Saturday, May 23, 2009

Interview with Prof. Dr. Raoul Eshelman by m k harikumar





Performatist works take
authoriality to an extreme
-
says
Prof. Dr. Raoul Eshelman

1] In performance level, how performatism differs from magical realism and fantasy

Performatism is about the possibility of experiencing transcendence aesthetically. It does not necessarily involve magical or fantastic themes. When it does, however, these themes are presented using the specific device I call double framing. This works by connecting the total logic of the work (the outer frame) with scenes within the work (inner frames) in such a way that we cannot help but believe something. A classic example is the movie American Beauty. In the outer frame, the dead hero, Lester Burnham, flies over his home town and says that his trivial life is beautiful. He also says that when we, too, are dead, we will come to share his point of view. His unbelievable statement about the beauty of life is however confirmed in several scenes or inner frames in the movie (most notably in the one with the famous plastic bag dancing in the wind). In the end, we have no choice but to believe the hero. The movie has a self-contained logic that we must either accept or reject as a whole.

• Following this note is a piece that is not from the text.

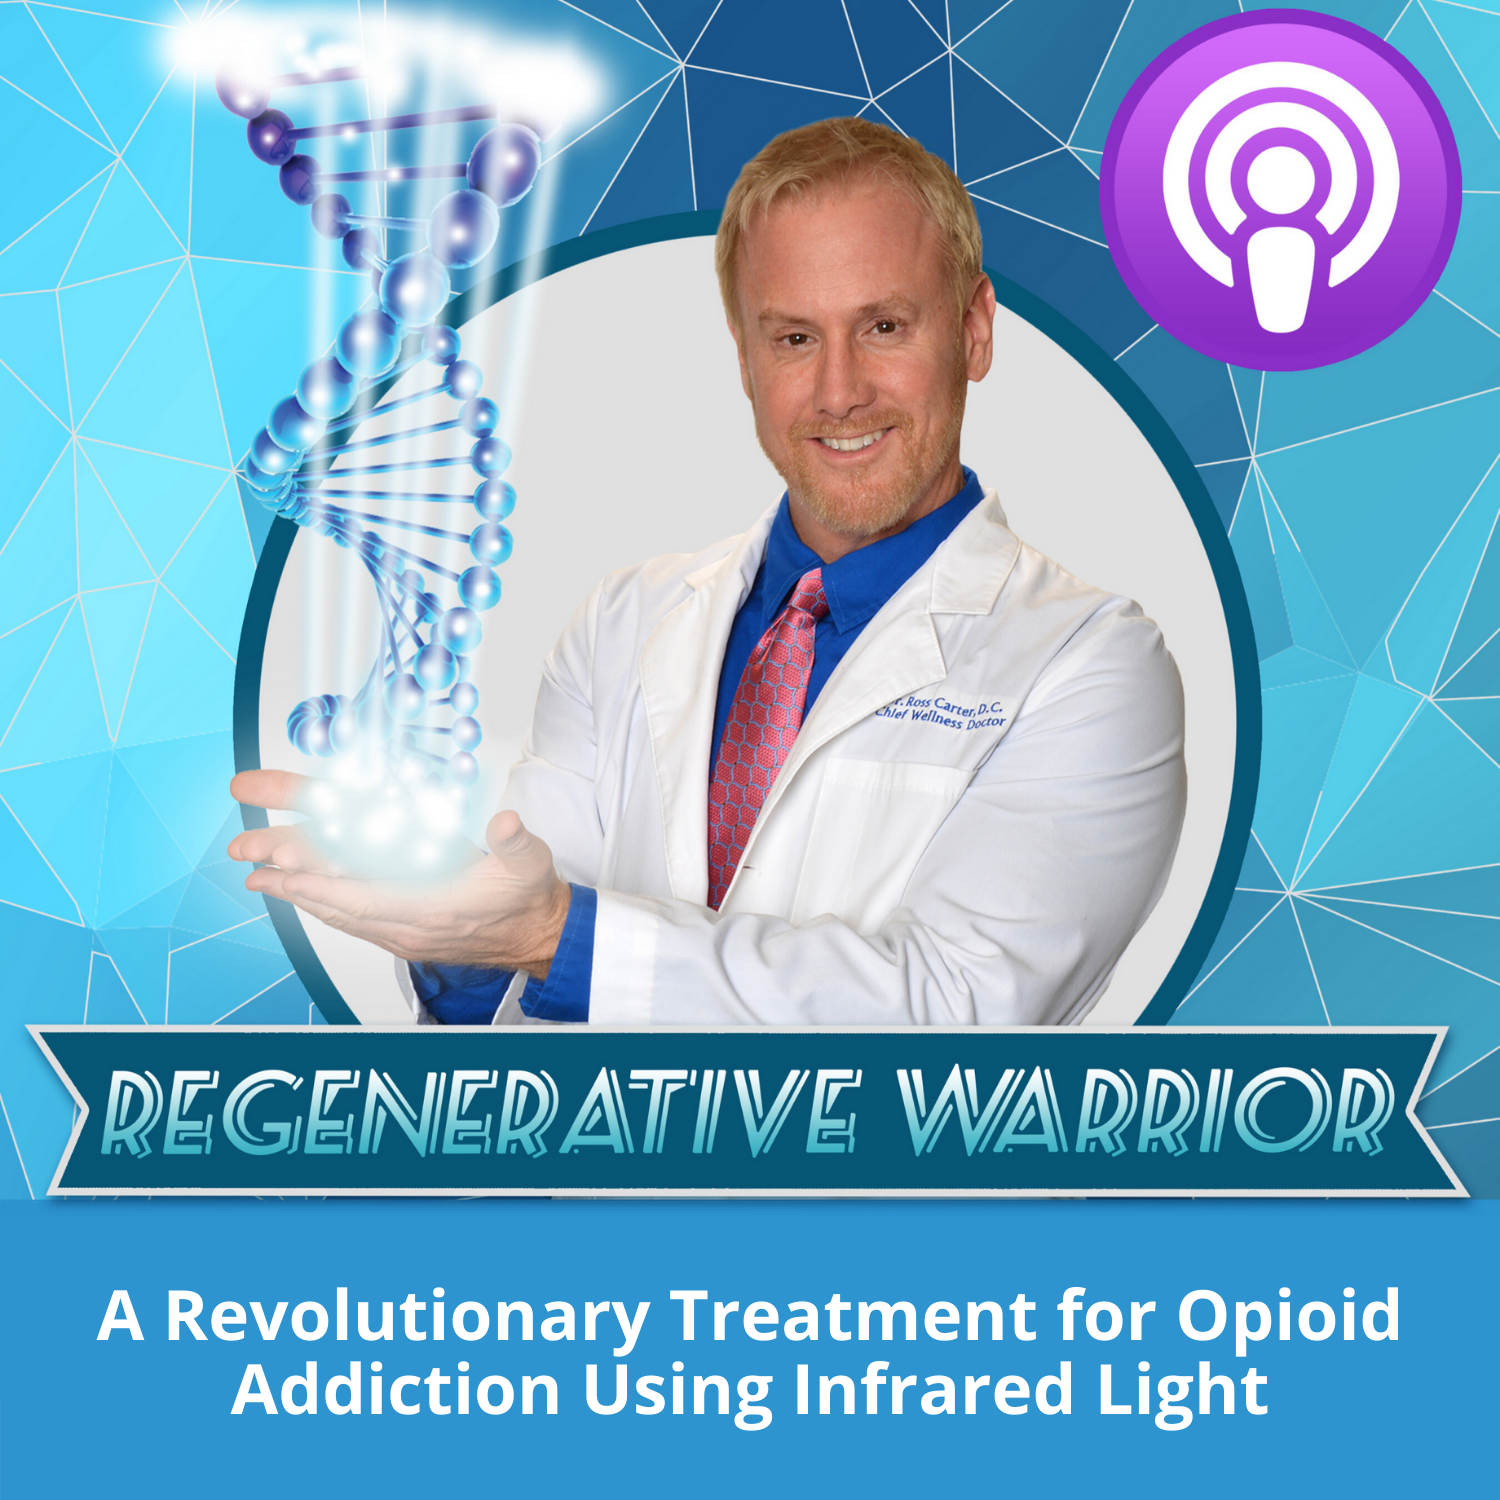 A Revolutionary Treatment for Opioid Addiction Using Infrared Light

Traditional works of fantasy and magical realism work differently. These works have a single instead of a double frame. They simply present us with unbelievable things that can easily dismiss as purely imaginary.

Magical realism is a genre typical of postmodernism. It involves overlapping levels of reality that leave us undecided about what is real and what is not. A work like One Hundred Years of Solitude by Gabriel Garcia Marquez works in this way. At the end of the novel we don’t know what to believe and what not to believe. A performatist work, by contrast, forces us to believe in something, to take a specific attitude of belief in spite of our skepticism.


2] How do you relate the total performance of a [fictional] world

to the reality of life?

A performatist work imposes itself as a whole on the reader or viewer. Its aim is to affect that person in a fundamental, total way. However, because the performatist work does this using force, it also provokes resistance on the part of the recipient. The performatist work intervenes in the reality of a person’s life. However, it has an ambivalent effect because that person is aware that something is being imposed on him or her. The performatist work can inspire, but also provoke resistance because it challenges us to believe. In this regard it is similar to the challenge posed to us by religious belief. The difference is that unlike religion, no binding social obligations are attached to performatist art. Our attitude of belief is an aesthetic, and not a practical, experience. This aesthetic experience can nonetheless still affect our real lives in positive ways.


3] Is life itself like performatism, and if so, why?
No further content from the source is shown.